Few people come to the pharmaceutical industry from academia with the requisite knowledge and skills necessary to plan, conduct, and report clinical research to regulatory authority standards. This knowledge and skill usually needs to be provided to the new staff by the way of in-house training.
One approach to education and training in the industry is what is called 'competency-based training'. A competency is a skill, knowledge or behavior required to undertake effectively the tasks and responsibilities for which an individual is responsible.
A competency-based education and training system (CBETS) details the essential knowledge and skills needed by sponsor's staff to complete the requirements of GCP. The concept of a CBETS is different from traditional educational and training approaches. Traditional approaches tend to address the training needs of individuals based on their job descriptions, e.g. within a sponsor company, a monitor will receive training on how to monitor a clinical trial, and a physician will receive training in protocol development.
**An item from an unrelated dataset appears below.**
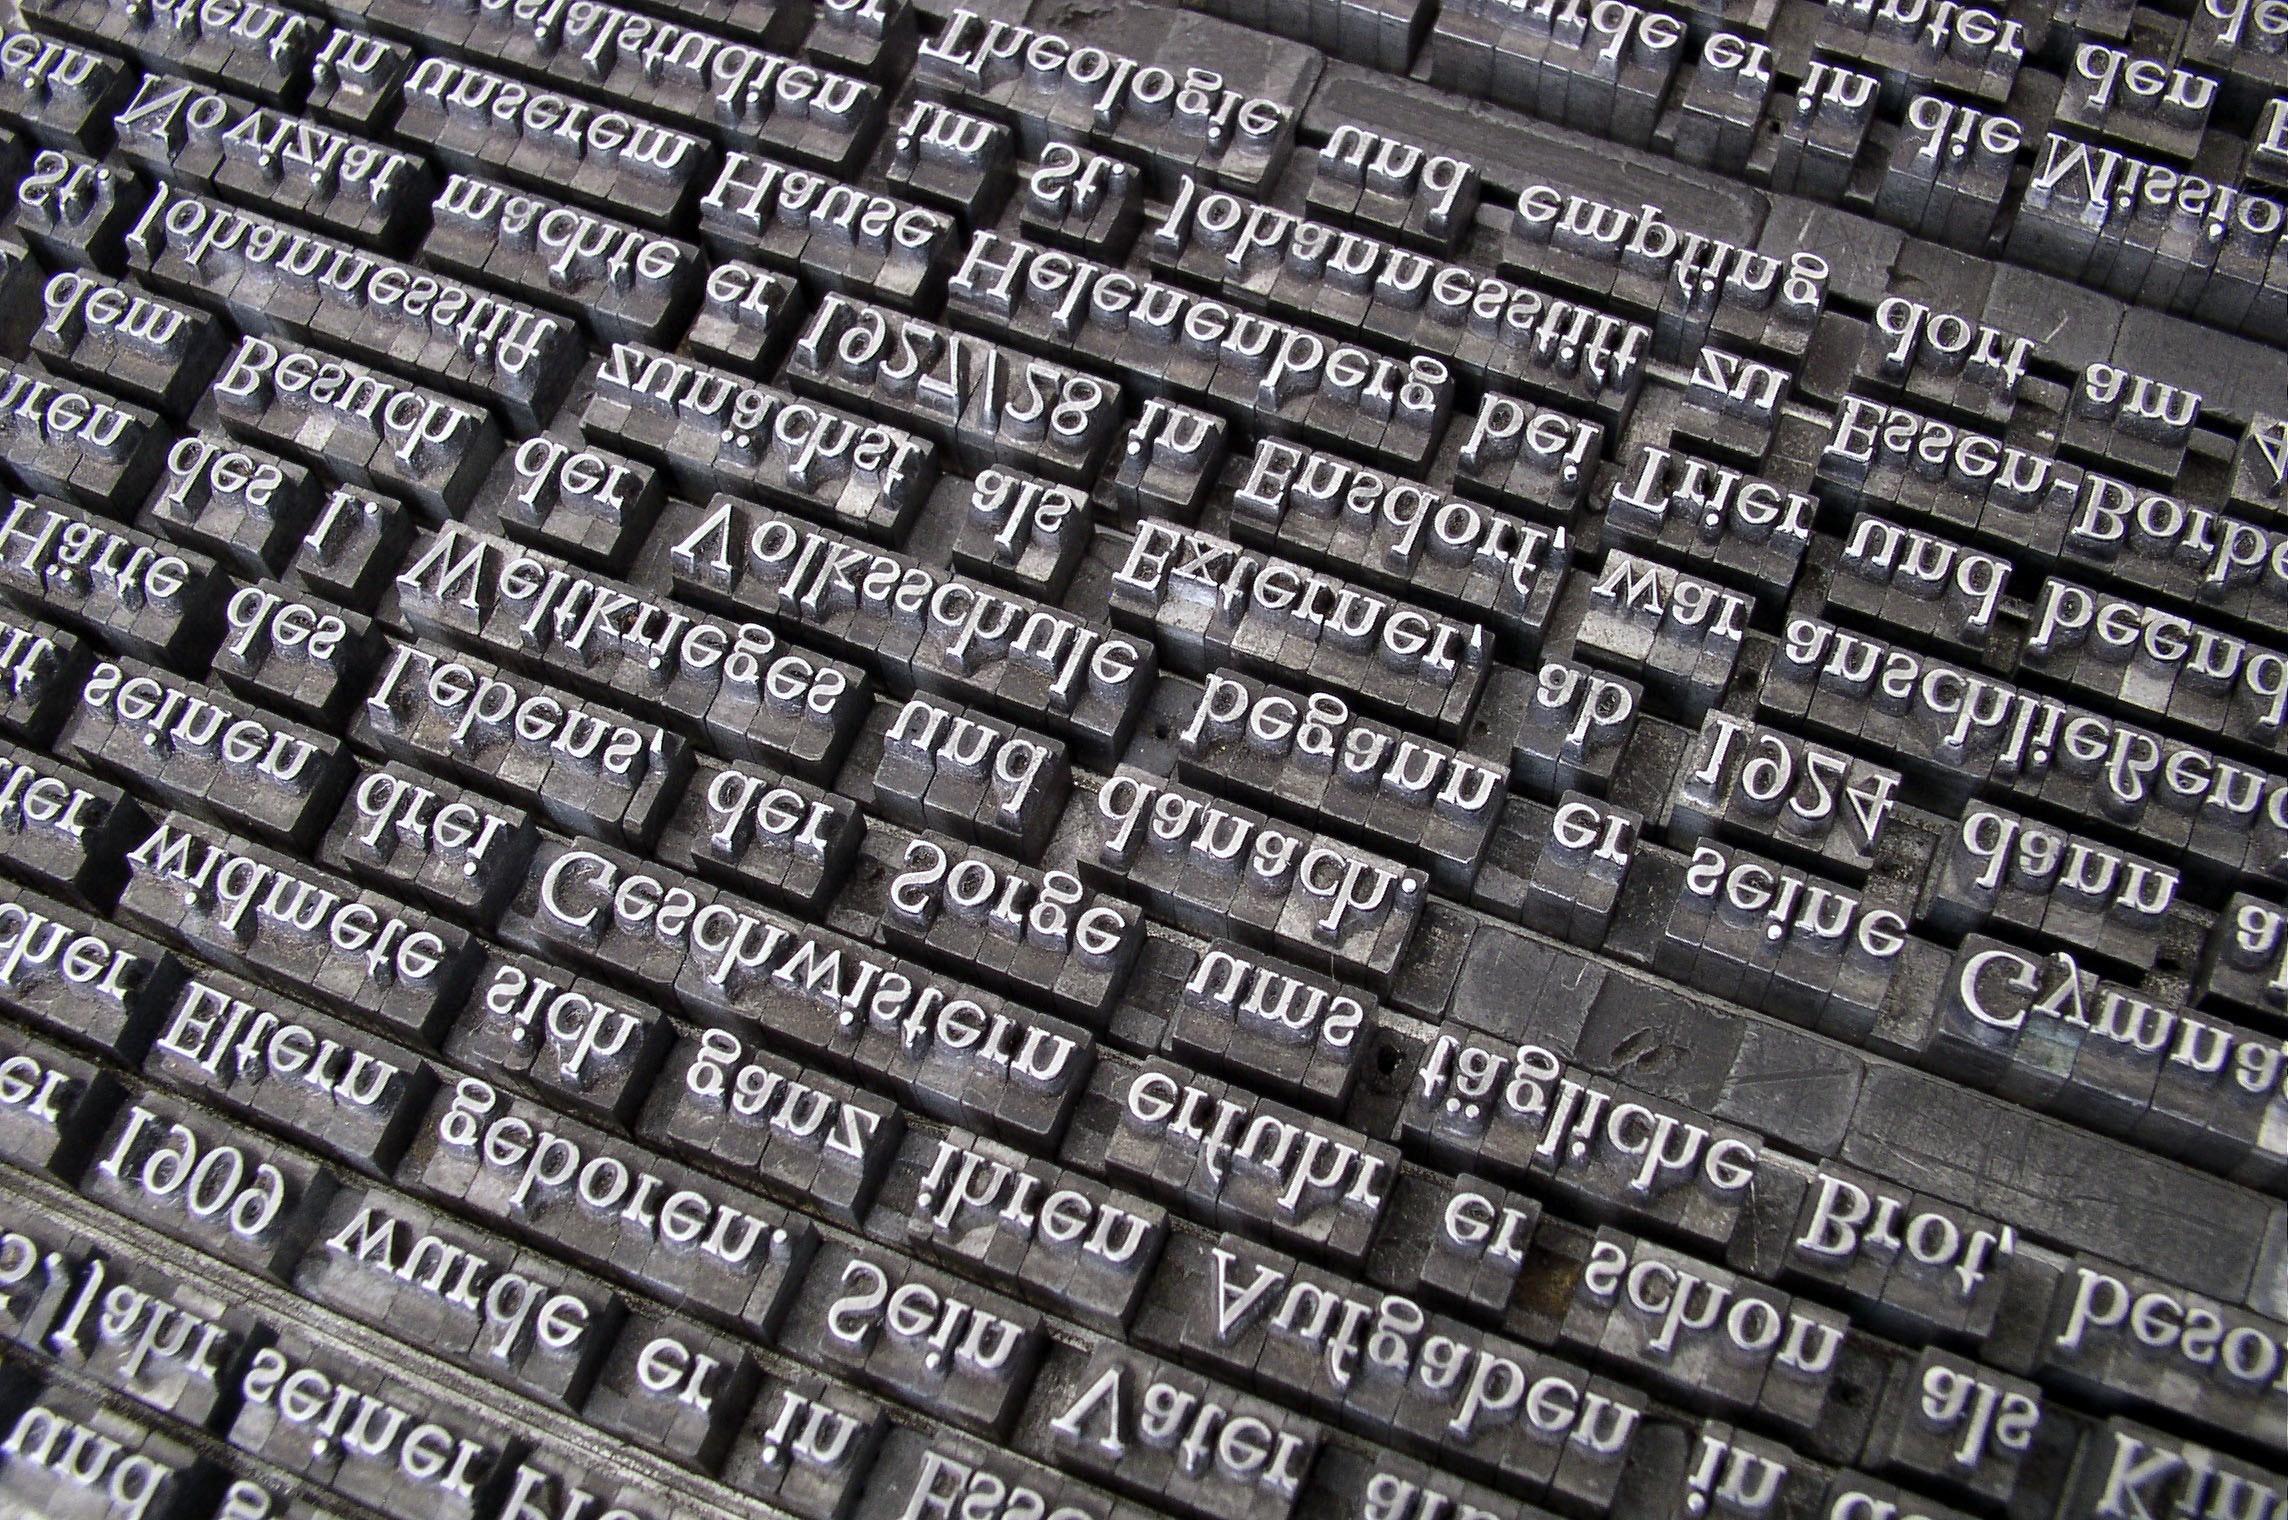 WordPress' Gutenberg: The Long View

In this traditional education and training model, the required tasks are functionally defined. The monitor may not learn much about preparing protocols and the physician may not learn much about monitoring. However, each may be intimately involved in both tasks.
The CBETS asks what tasks the sponsor needs to have done to meet its drug development goals and objectives. The primary tasks of clinical research and good clinical practice can be described rather precisely. Once one knows what the major tasks are and what activities are needed to accomplish these tasks, one can define the knowledge and skills needed by staff to complete the tasks and, finally, what education and training should be provided to understand the knowledge and skills.
When the tasks and activities are fully defined, a CBETS will ask who is going to do these tasks and how competent (e.g. expert, fundamental skills) they need to be to complete the tasks. In the example provided above, it is useful for the physician to have a fundamental knowledge of the monitoring process, even though he she will not be performing the tasks. The physician may, however, be supervising the monitors. It is appropriate for the monitor to receive advanced training in the requirements of monitoring, since this is one of his/ her major functions. In terms of protocol development, the physician and monitor each need expert competency to develop the protocol, since the sponsor may be investing hundreds or millions of dollars in the program. The monitor only needs fundamental skills in protocols, since his/her responsibility may be limited to implementing the protocol at the clinical site.
The CBETS can apply to behavioral and management training as well as technical training. Education and training programs in the pharmaceutical industry can be designed to provide the competencies necessary to prevent or remove obstacles to staff performance. These obstacles can be well defined in advance in a CBETS.